To run all tests locally, please issue the command:

nosetests -v

Obtaining test coverage information

The Nose framework integrates with the coverage.py module, and an account of the extent of test coverage can be obtained by running the following command:

nosetests -v --with-coverage \
    --cover-package=ncbi_cds_from_protein \
    --cover-html

Footnotes

[1]We are aware that nosetests is in maintenance mode, and a move to py.test is planned.

Contributing

Reporting bugs and errors

If you find a bug, or an error in the code or documentation, please report this by raising an issue at the GitHub issues page for ncfp

Contributing code or documentation

We gratefully accept code contributions, if you would like to fix a bug, improve documentation, or extend ncfp. To make everyone’s lives easier in this process, we ask that you please follow the procedure below:

  1. Fork the ncfp repository under your account at GitHub.
  2. Clone your fork to your development machine.
  3. Create a new branch in your forked repository with an informative name, e.g. git checkout -b fix_issue_107.
  4. Make the changes.
  5. Run the repository tests (see the Testing documentation for more details).
  6. If the tests pass, push the changes to your fork, and submit a pull request against the original repository.
  7. Indicate one of the ncfp developers as an assignee in your pull request.
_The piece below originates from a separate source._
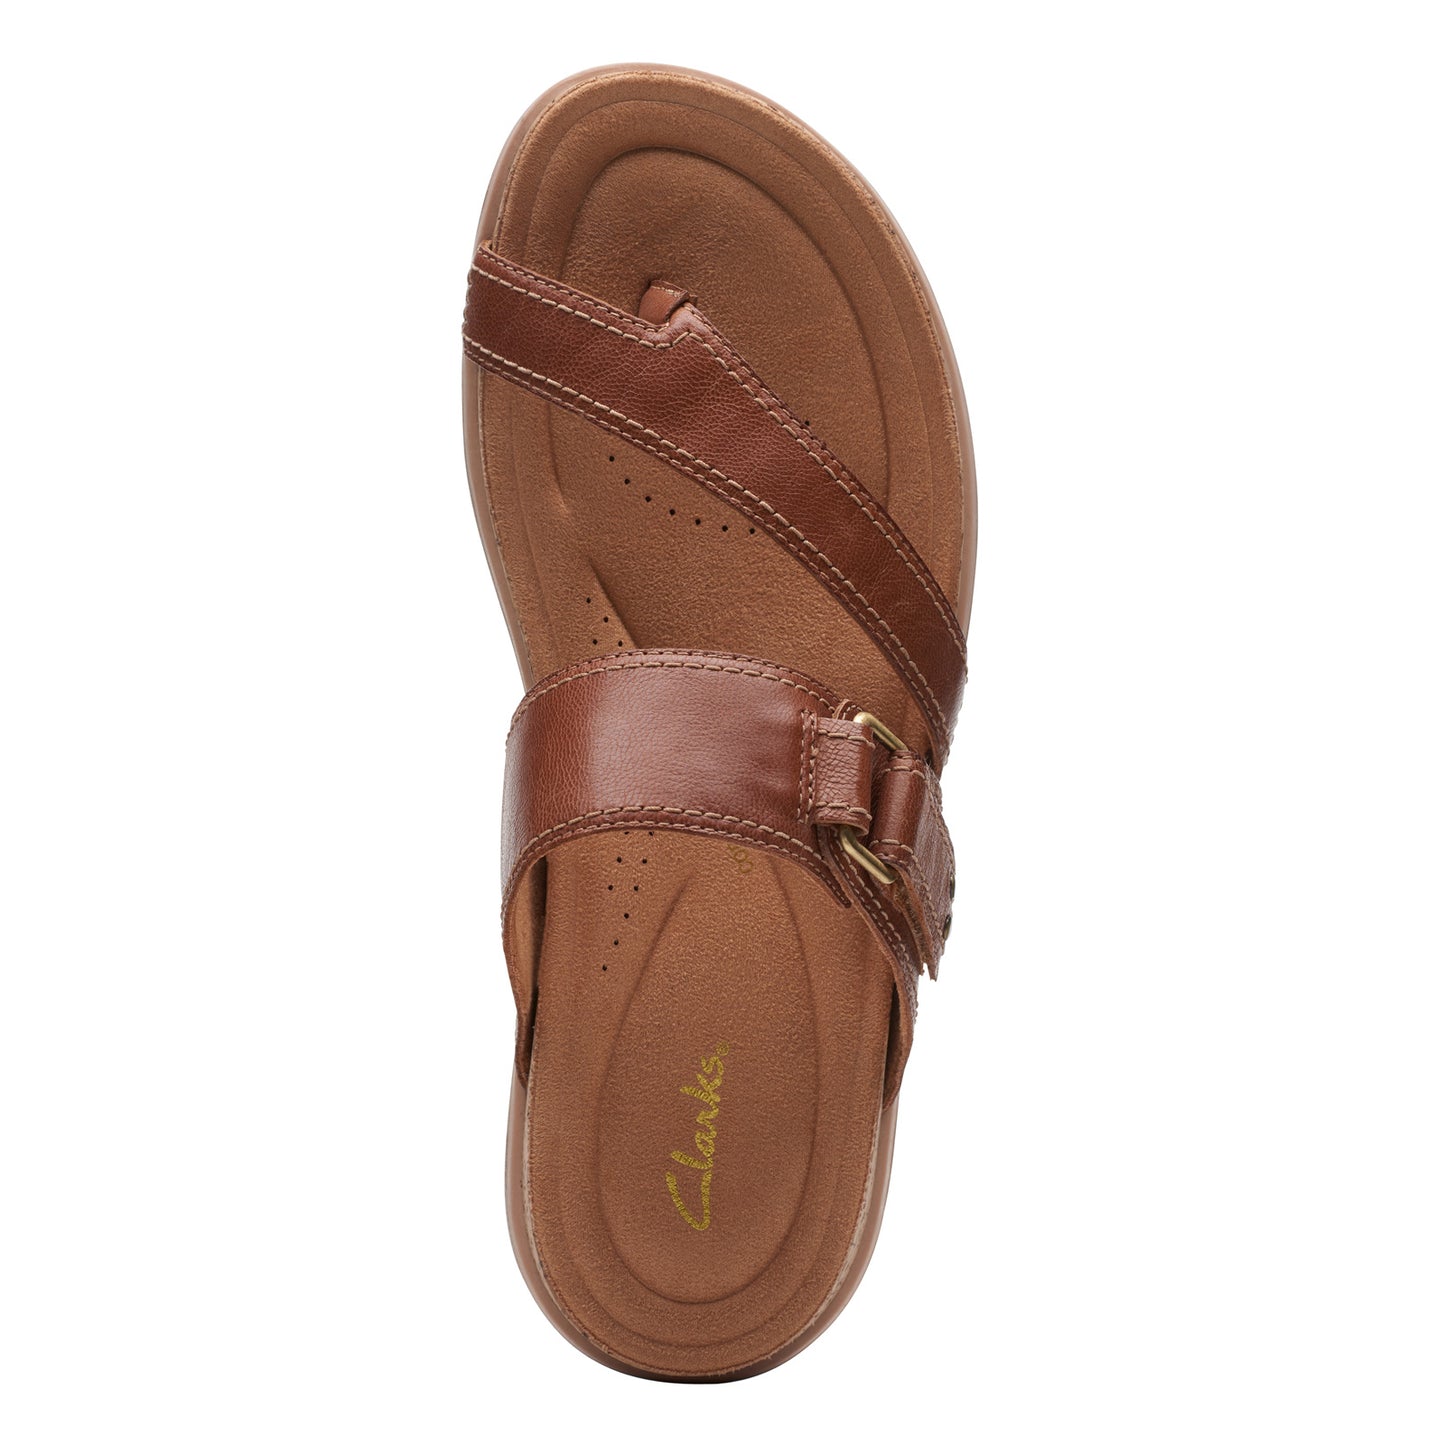 Peltz Shoes  Women's Clarks Yacht Beach Sandal tan 26171771

Suggestions for improvement

If you would like to make a suggestion for how we could improve ncfp, we welcome contributions at the GitHub issues page.

Licensing

Unless otherwise indicated, all code is subject to the following agreement:

(c) The James Hutton Institute 2017-2018 Author: Leighton Pritchard

Contact: leighton.pritchard@hutton.ac.uk

Address:
Leighton Pritchard, Information and Computational Sciences, James Hutton Institute, Errol Road, Invergowrie, Dundee, DD6 9LH, Scotland, UK

The MIT License

Copyright (c) 2017-2018 The James Hutton Institute

Permission is hereby granted, free of charge, to any person obtaining a copy of this software and associated documentation files (the “Software”), to deal in the Software without restriction, including without limitation the rights to use, copy, modify, merge, publish, distribute, sublicense, and/or sell copies of the Software, and to permit persons to whom the Software is furnished to do so, subject to the following conditions:

The above copyright notice and this permission notice shall be included in all copies or substantial portions of the Software.

THE SOFTWARE IS PROVIDED “AS IS”, WITHOUT WARRANTY OF ANY KIND, EXPRESS OR IMPLIED, INCLUDING BUT NOT LIMITED TO THE WARRANTIES OF MERCHANTABILITY, FITNESS FOR A PARTICULAR PURPOSE AND NONINFRINGEMENT. IN NO EVENT SHALL THE AUTHORS OR COPYRIGHT HOLDERS BE LIABLE FOR ANY CLAIM, DAMAGES OR OTHER LIABILITY, WHETHER IN AN ACTION OF CONTRACT, TORT OR OTHERWISE, ARISING FROM, OUT OF OR IN CONNECTION WITH THE SOFTWARE OR THE USE OR OTHER DEALINGS IN THE SOFTWARE.